## TASK DETAILS
Copy the lines below word for word, skipping any image.

## SUPPLIED INFORMATION
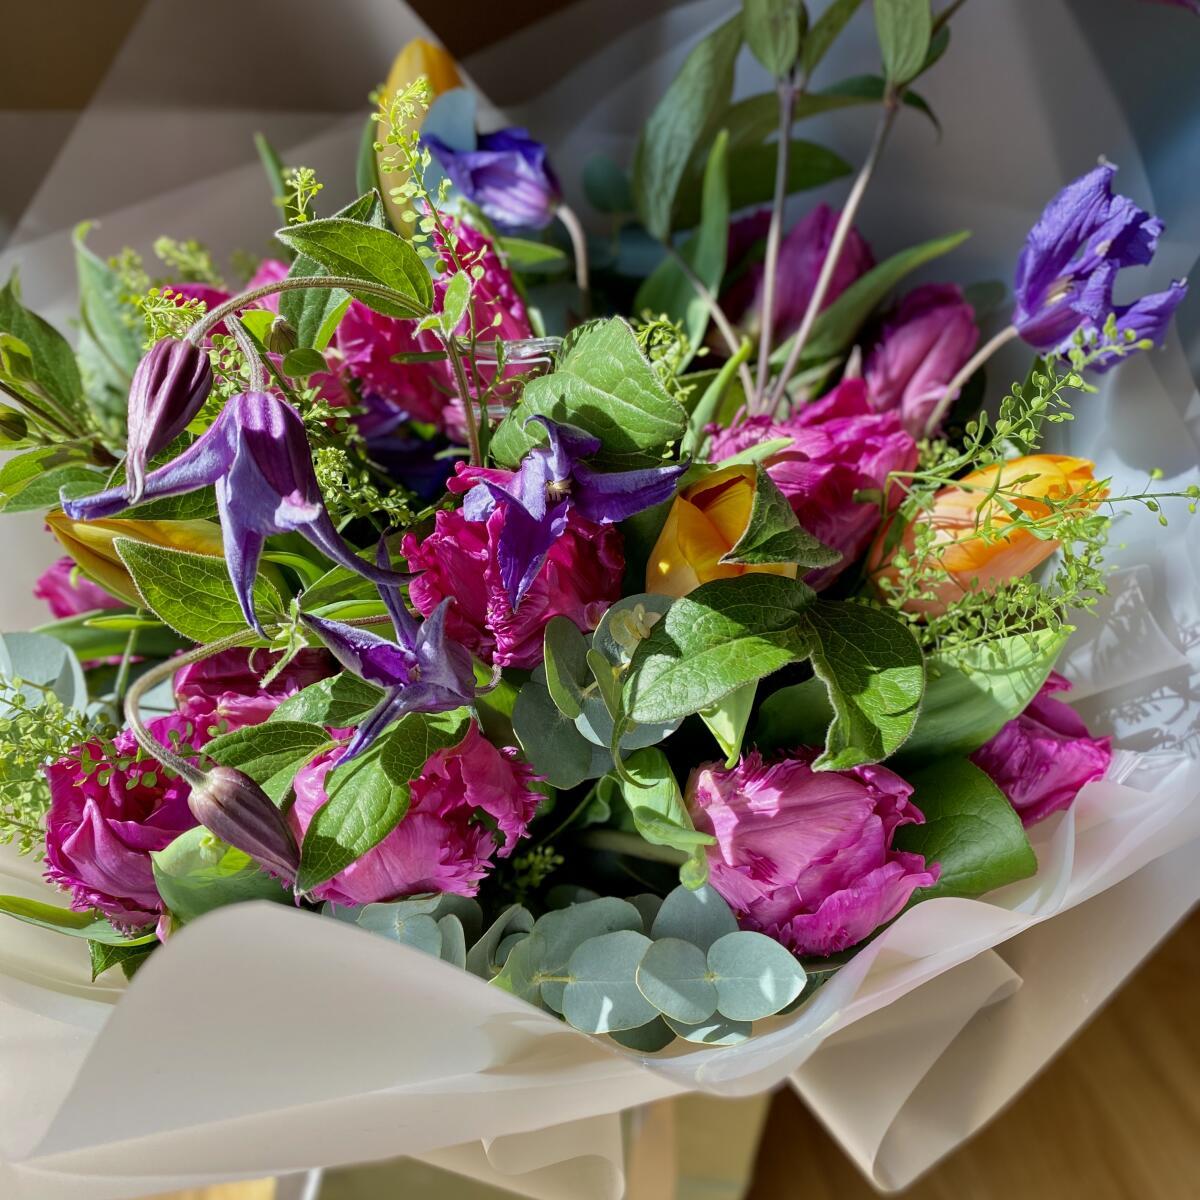 Verdure Floral Design Ltd 5 star review on 20th April 2020
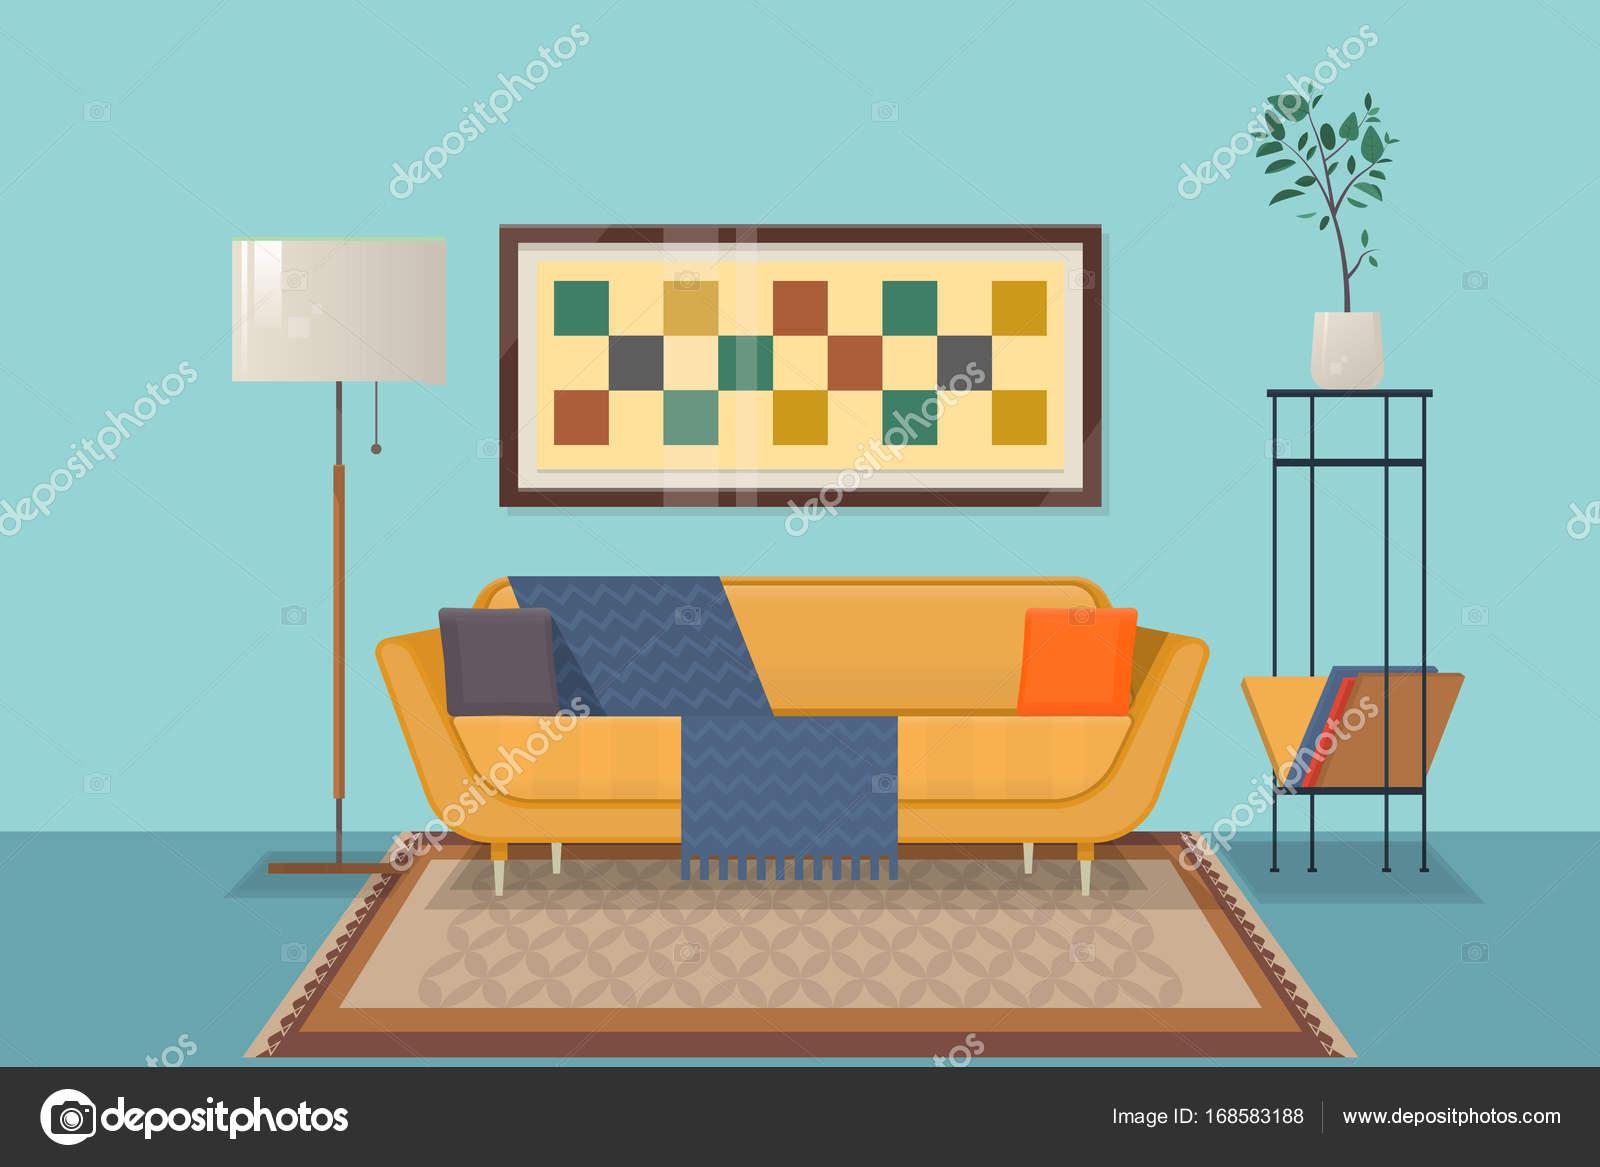 Diseño de interiores de sala de estar con muebles de ouch, almohadas ...
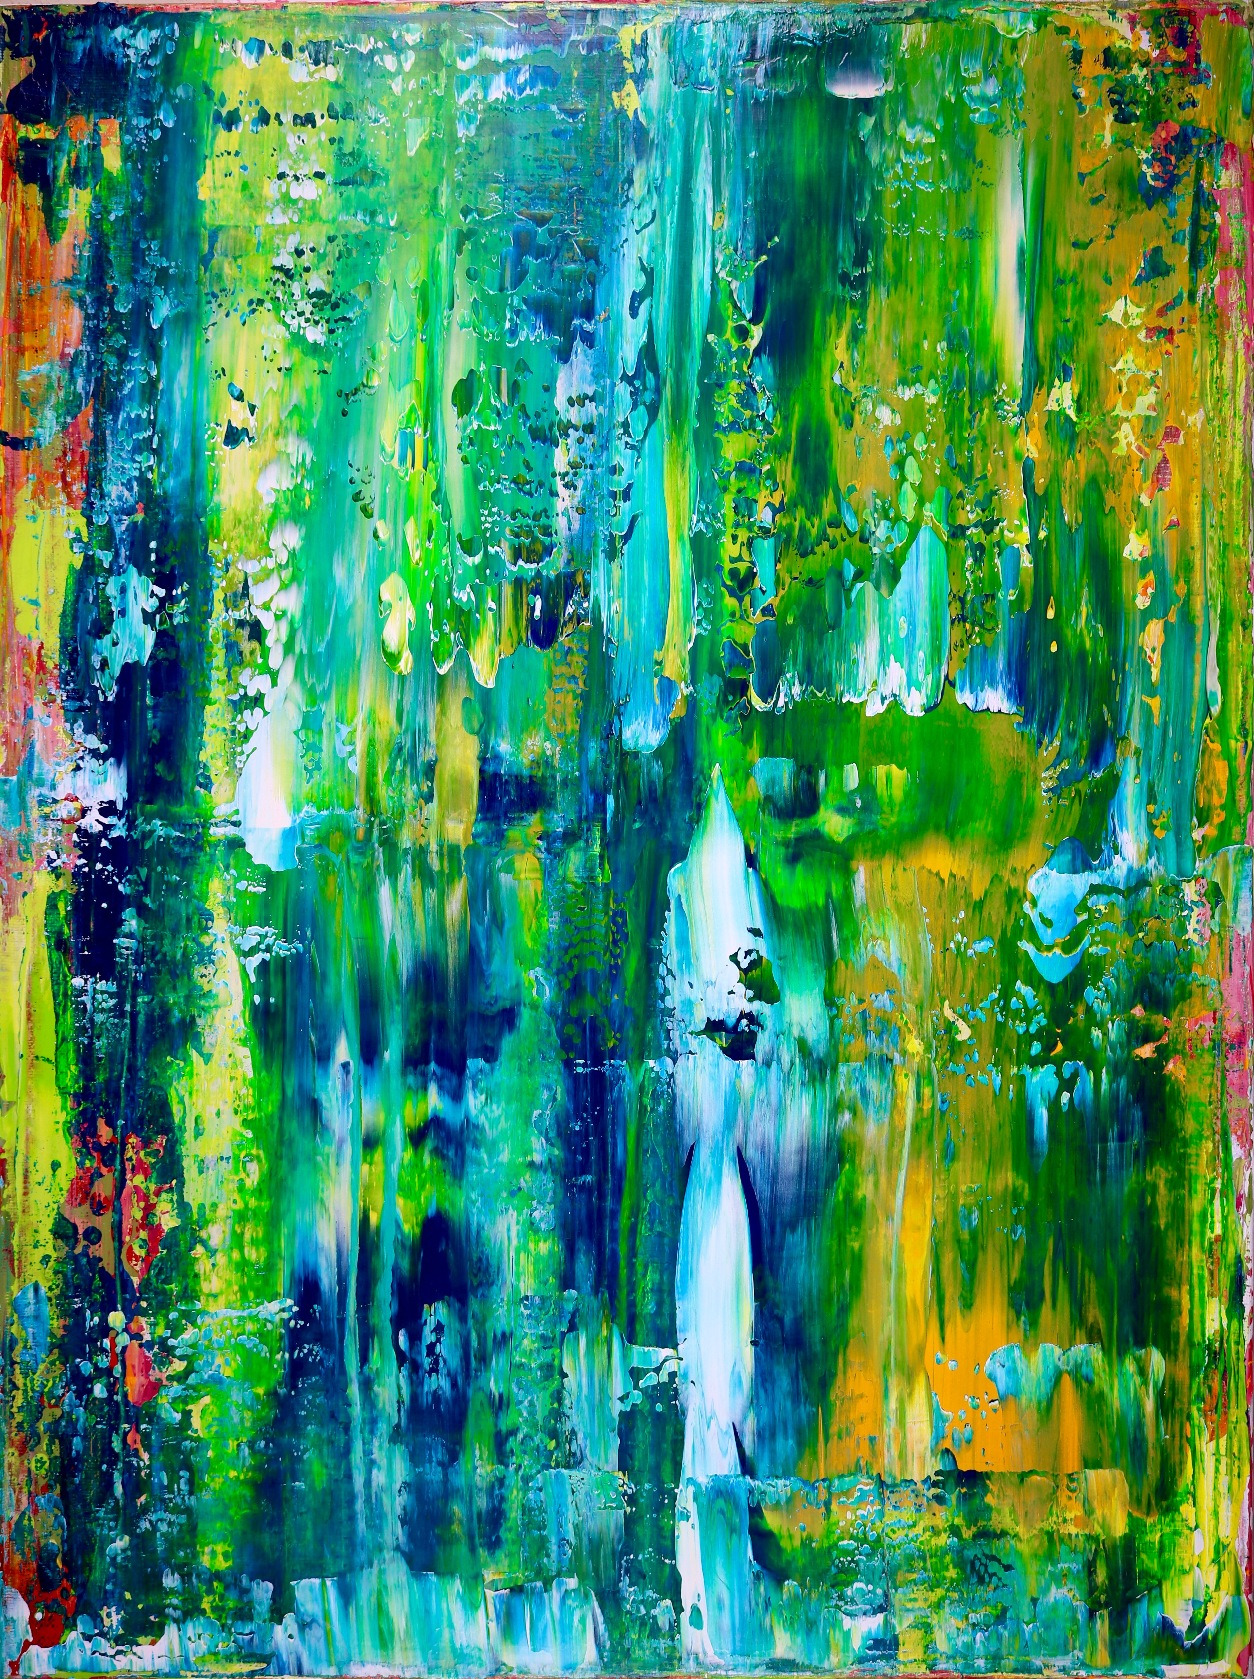 Enchanted Spectra 1 - SOLD - Nestor Toro
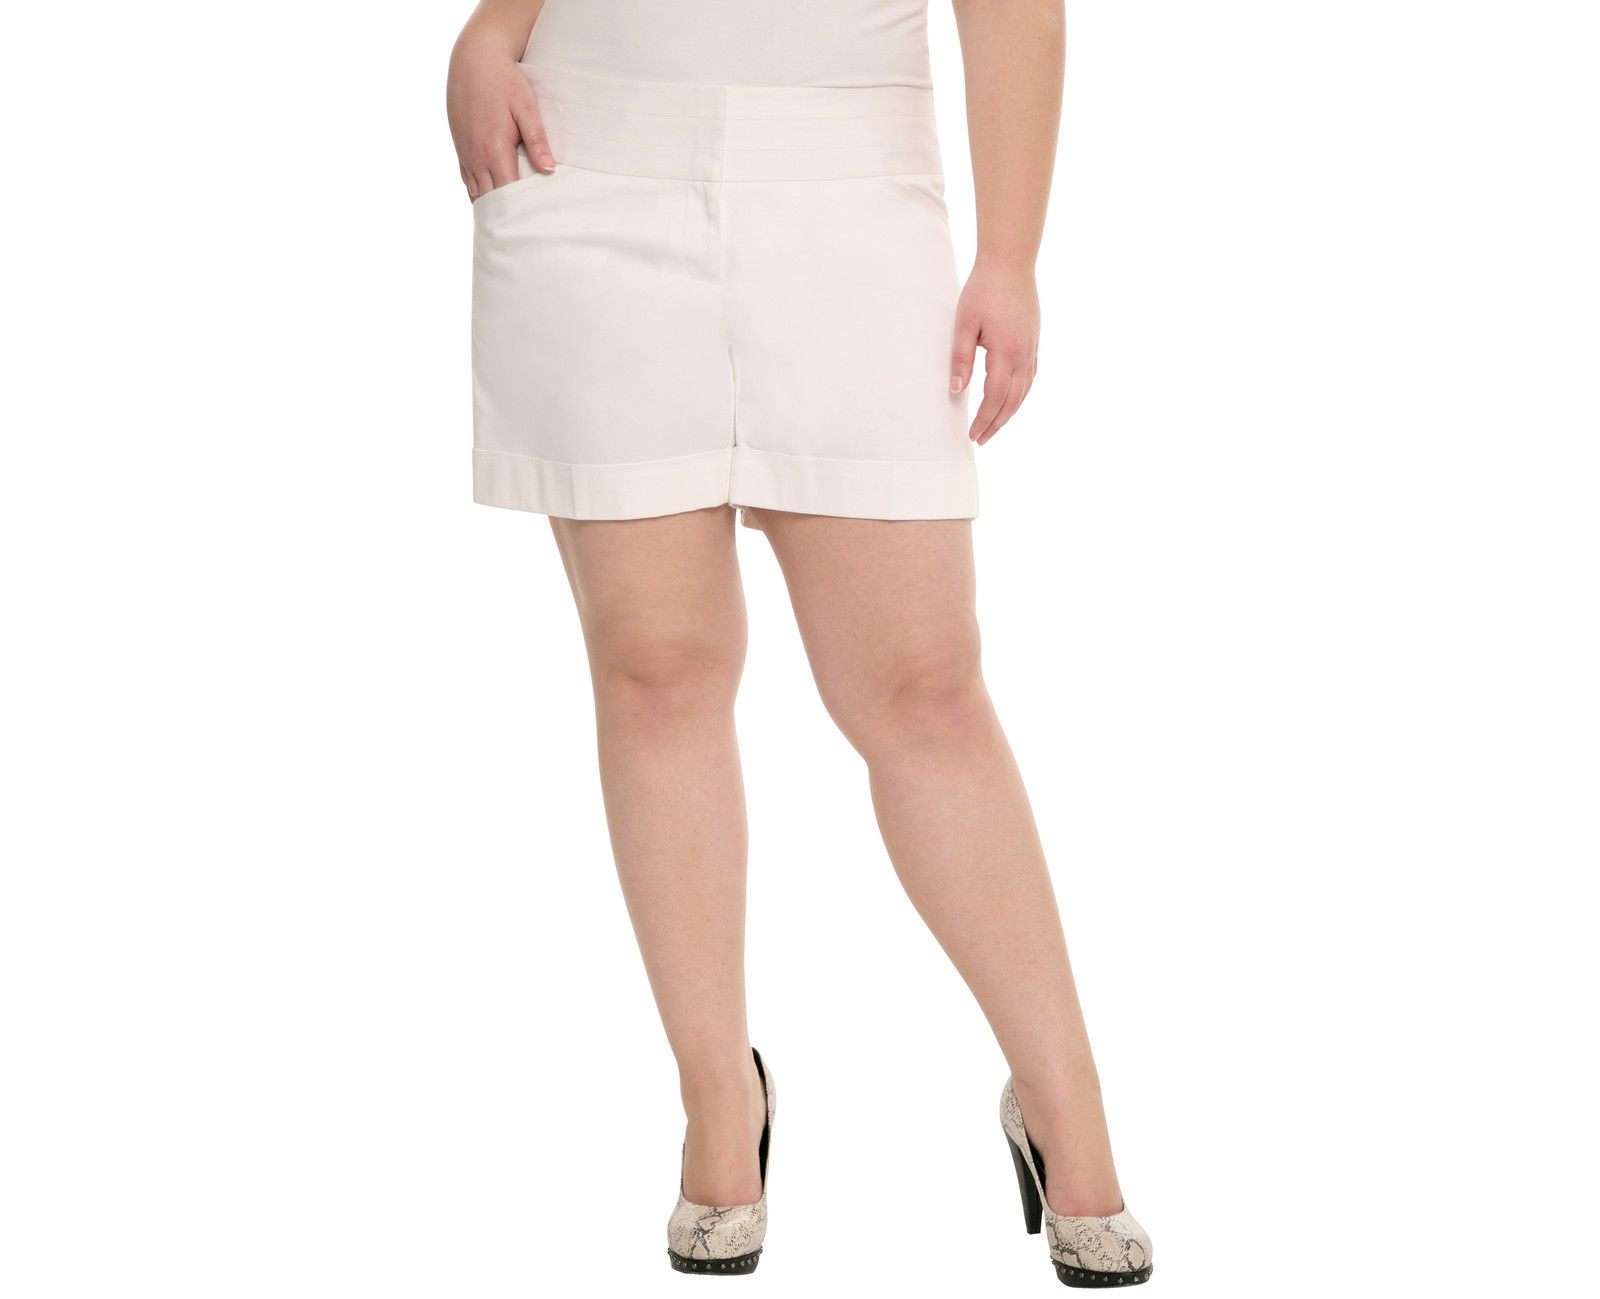 26 28 4X Torrid White Sateen Flat Front Short Shorts NWOT  - $19.32

## FINAL ANSWER
 Verdure Floral Design Ltd 5 star review on 20th April 2020
 Diseño de interiores de sala de estar con muebles de ouch, almohadas ...
 Enchanted Spectra 1 - SOLD - Nestor Toro
 26 28 4X Torrid White Sateen Flat Front Short Shorts NWOT  - $19.32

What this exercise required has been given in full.